**Data below**
——

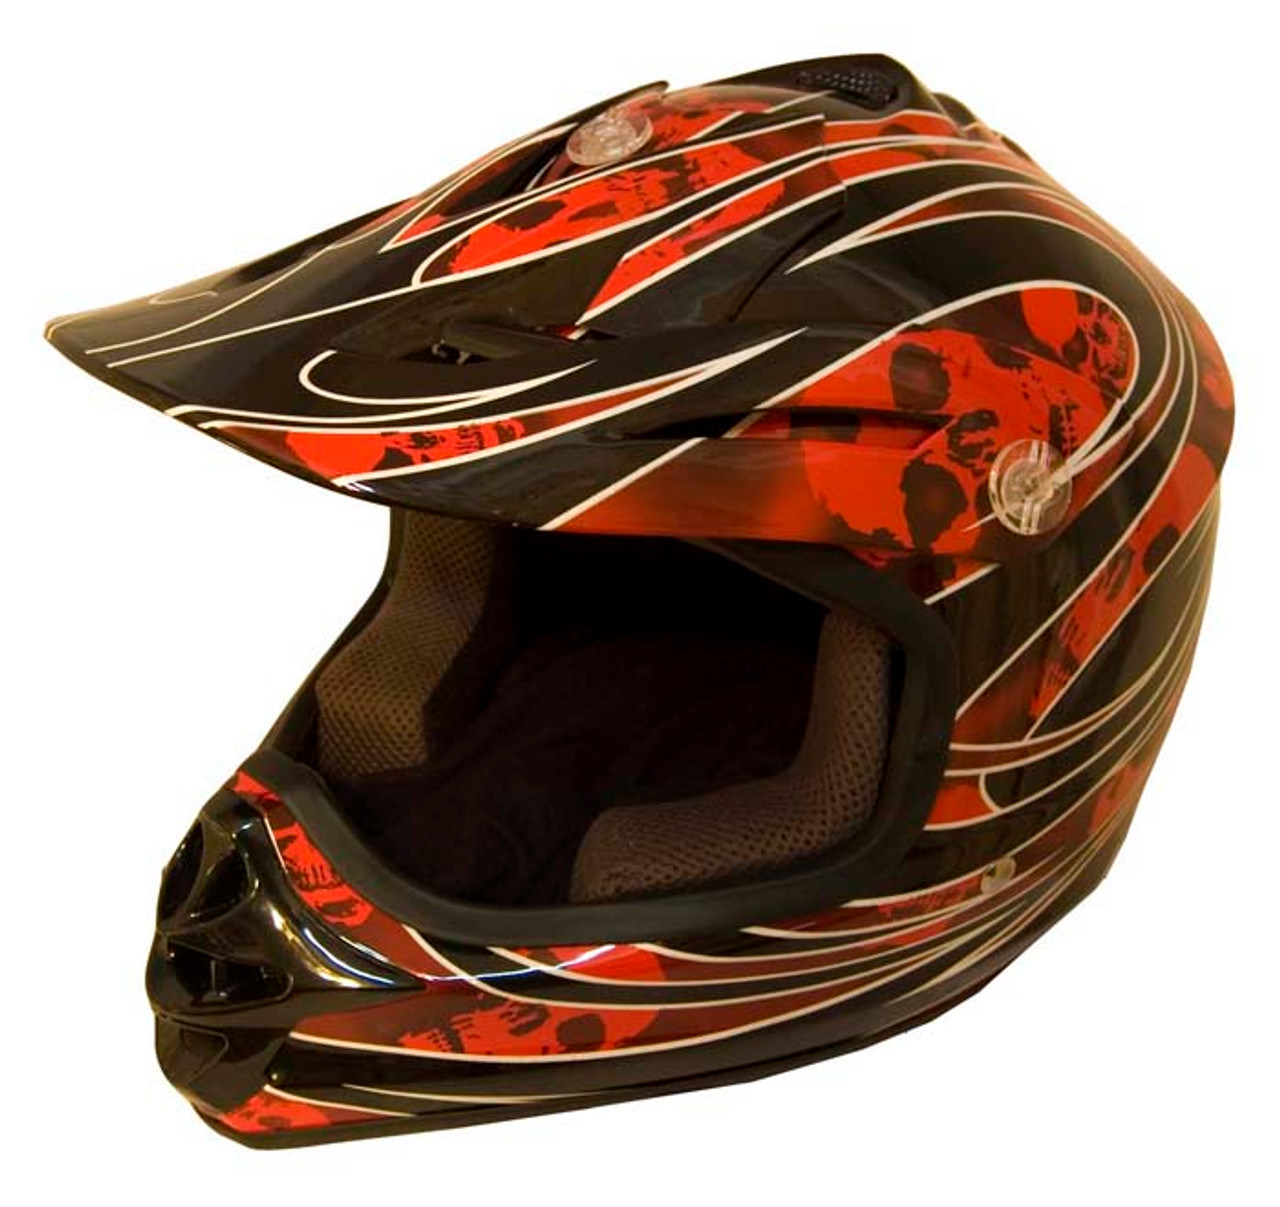 DOT Certified REDG Kids MX Motocross Helmet - Motorcycle ATV Helmet
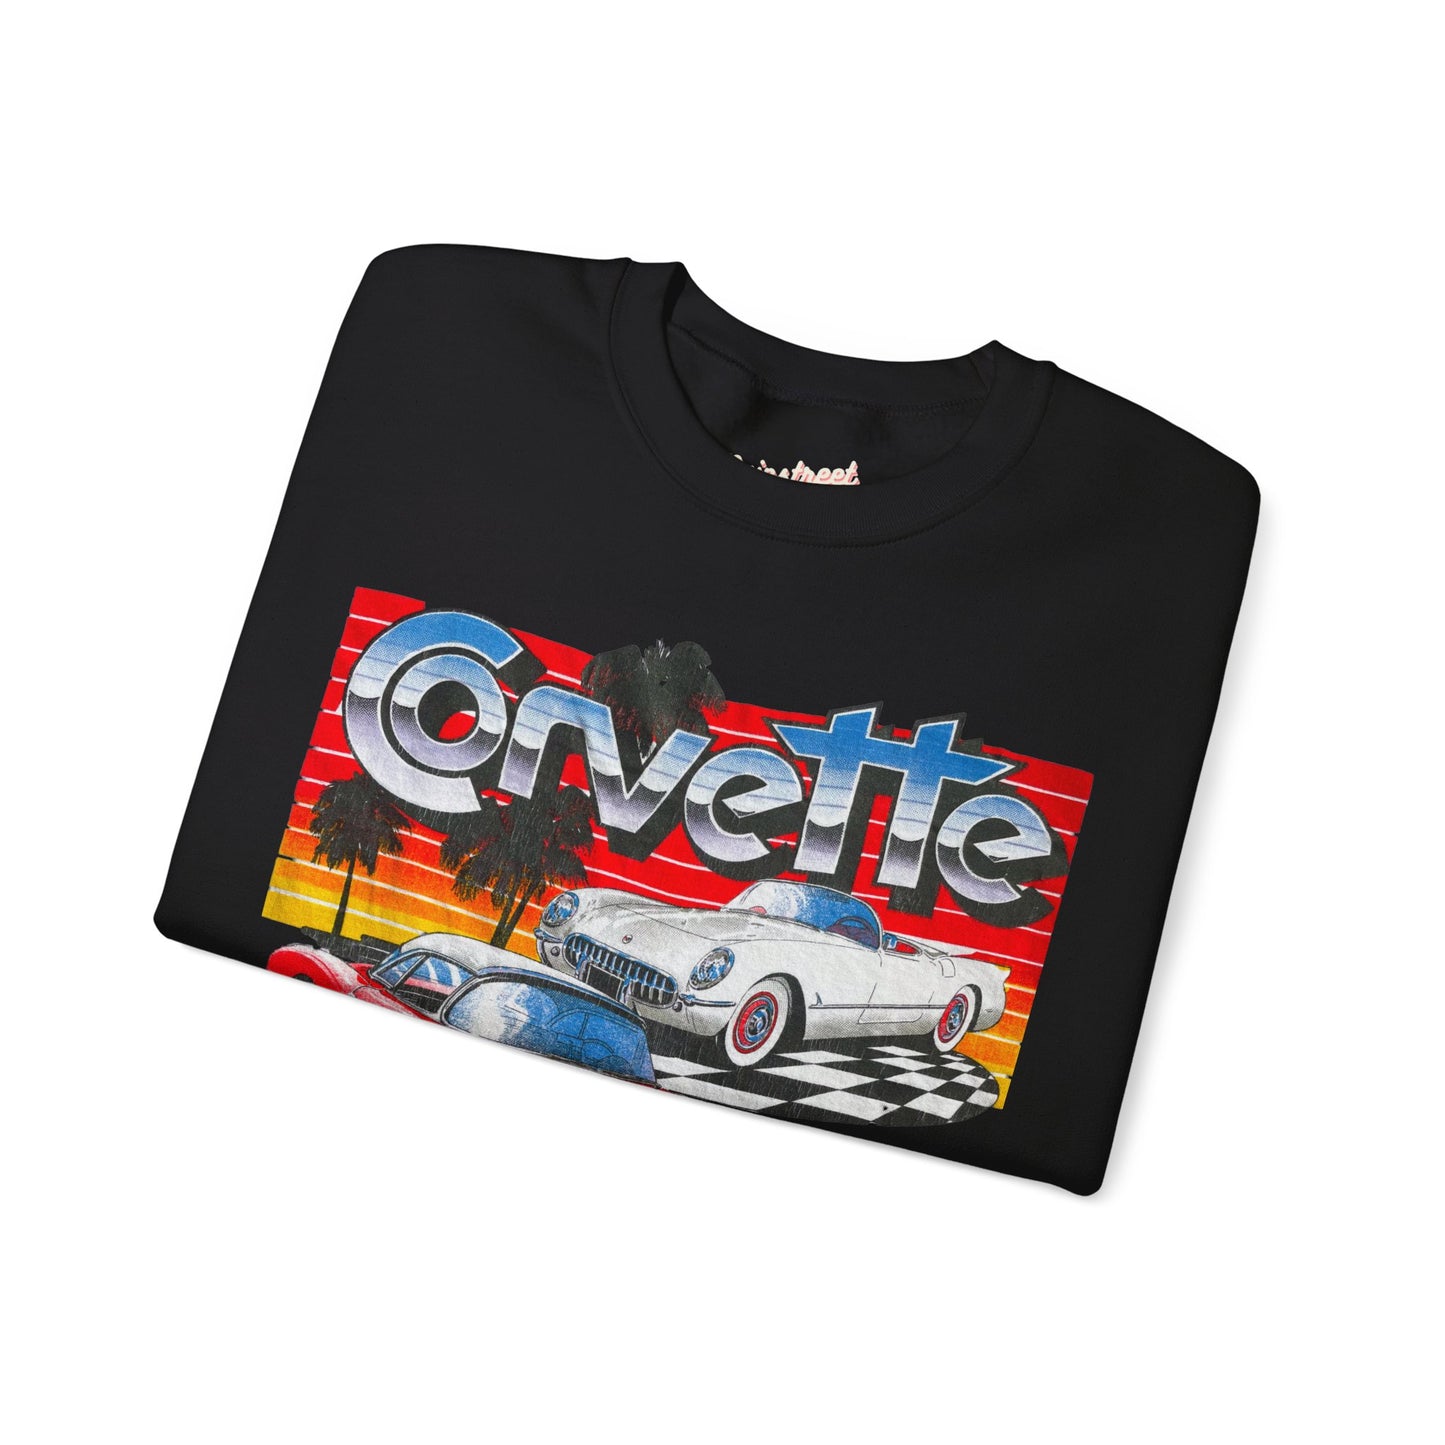 Vintage Corvette Sweatshirt
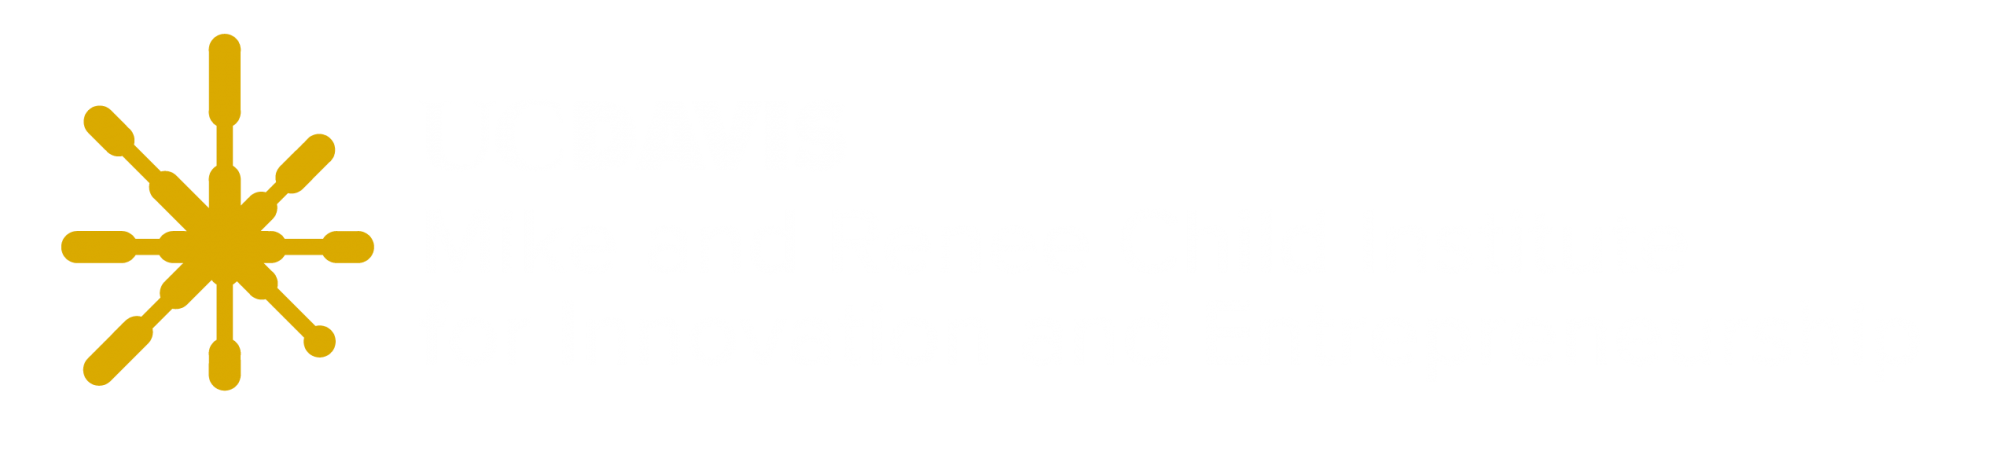 UC Davis Institute for Innovation and Entrepreneurship logo
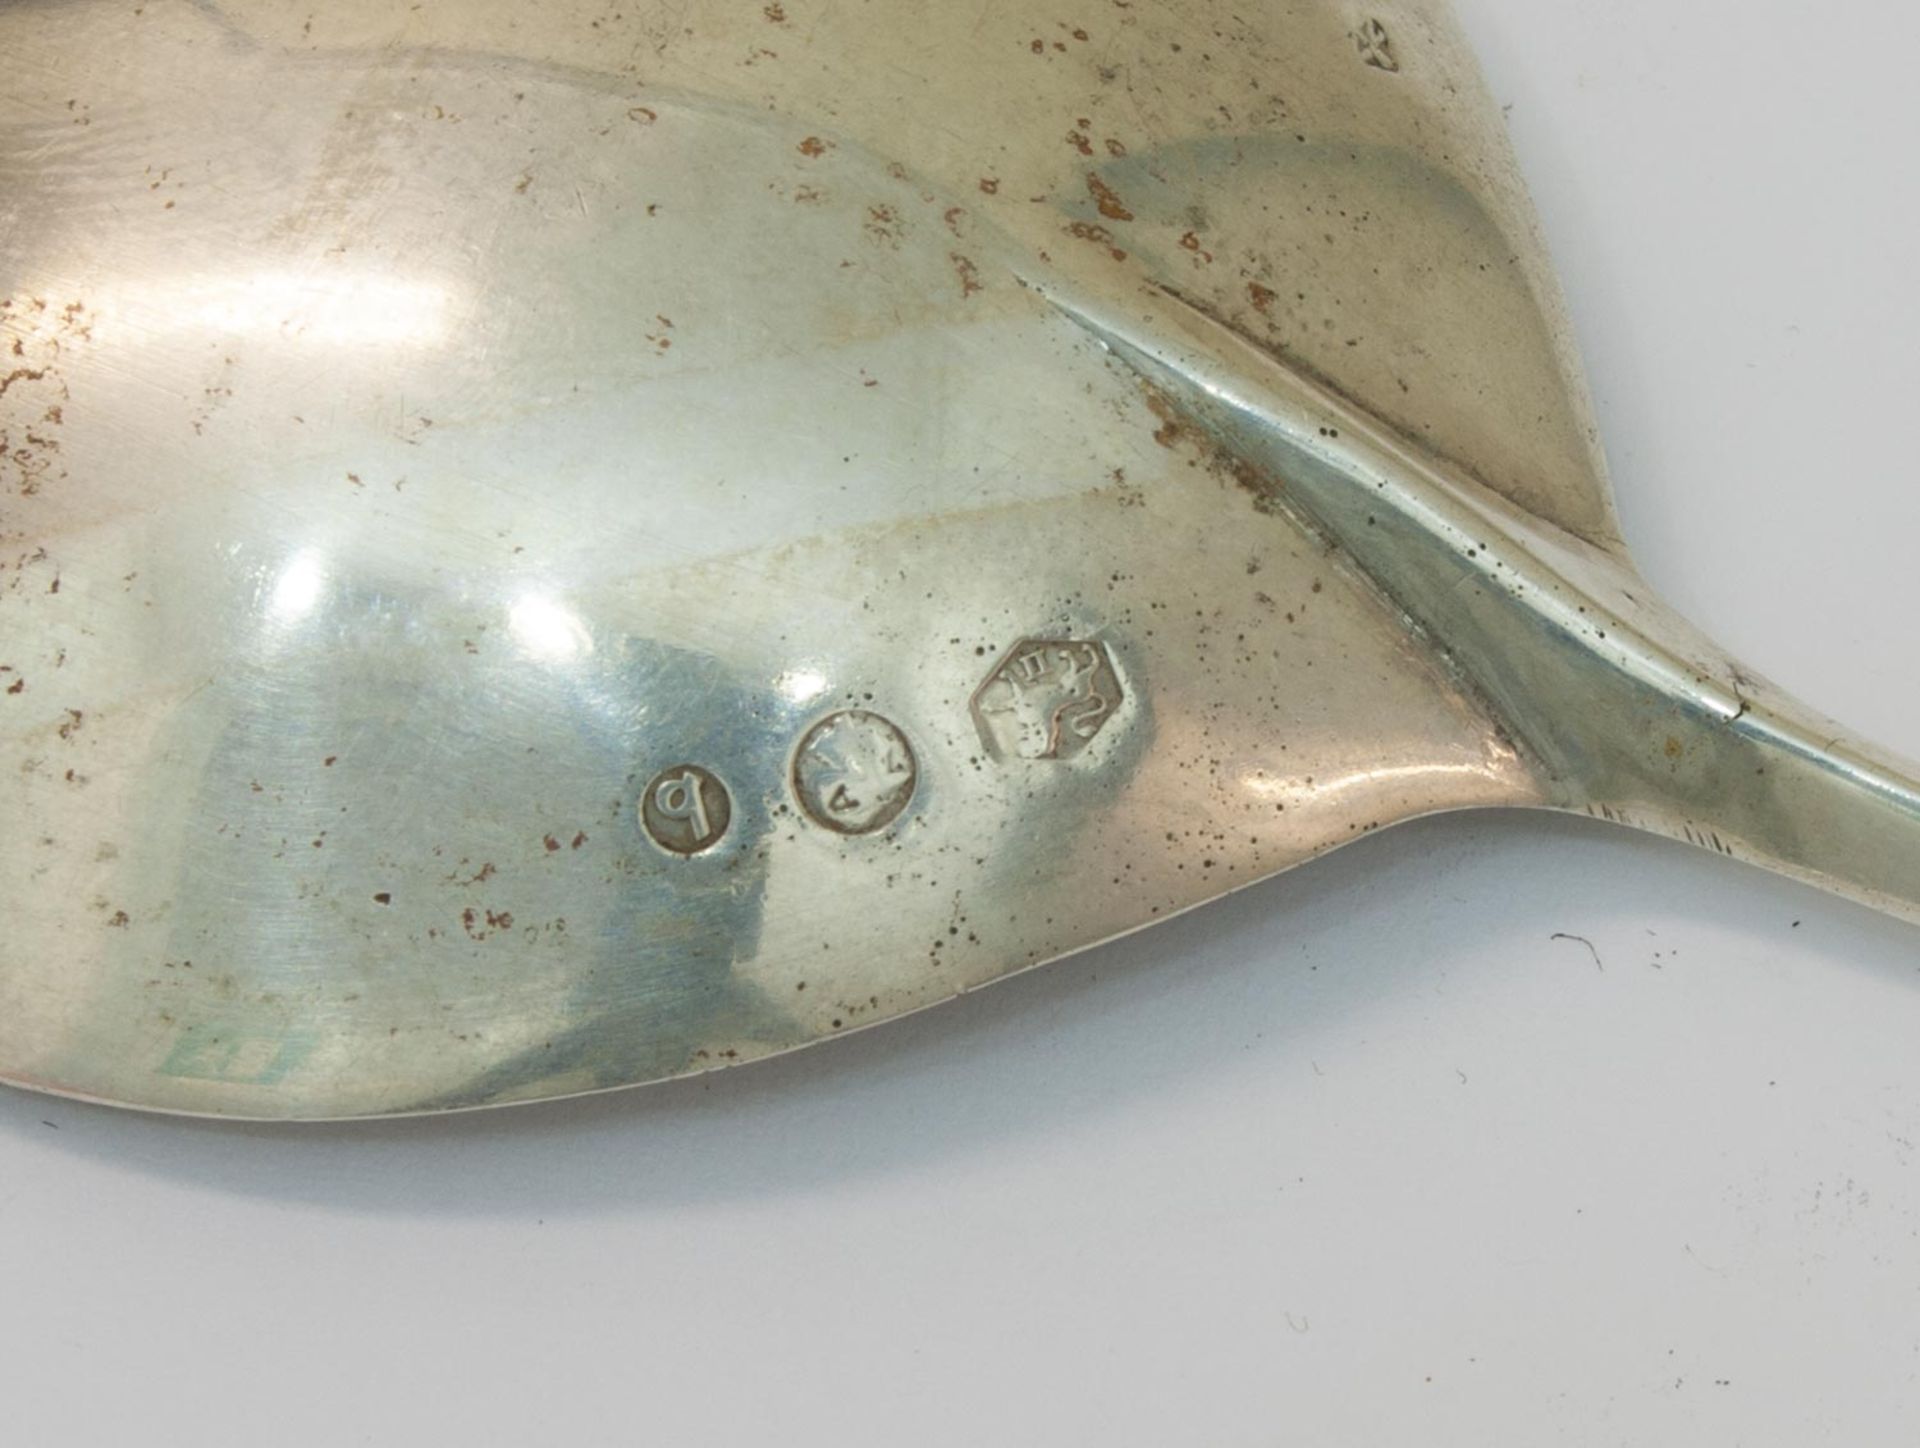 SahnelöffelHolland, Jahresbuchstabe "b" (19. Jh.), 833er Silber, gedrehter Schaft mit - Bild 2 aus 2

——

**About this task**
Exclude all images and retype the data precisely.

**Output**
 DOT Certified REDG Kids MX Motocross Helmet - Motorcycle ATV Helmet
 Vintage Corvette Sweatshirt
 UC Davis Institute for Innovation and Entrepreneurship logo
 SahnelöffelHolland, Jahresbuchstabe "b" (19. Jh.), 833er Silber, gedrehter Schaft mit - Bild 2 aus 2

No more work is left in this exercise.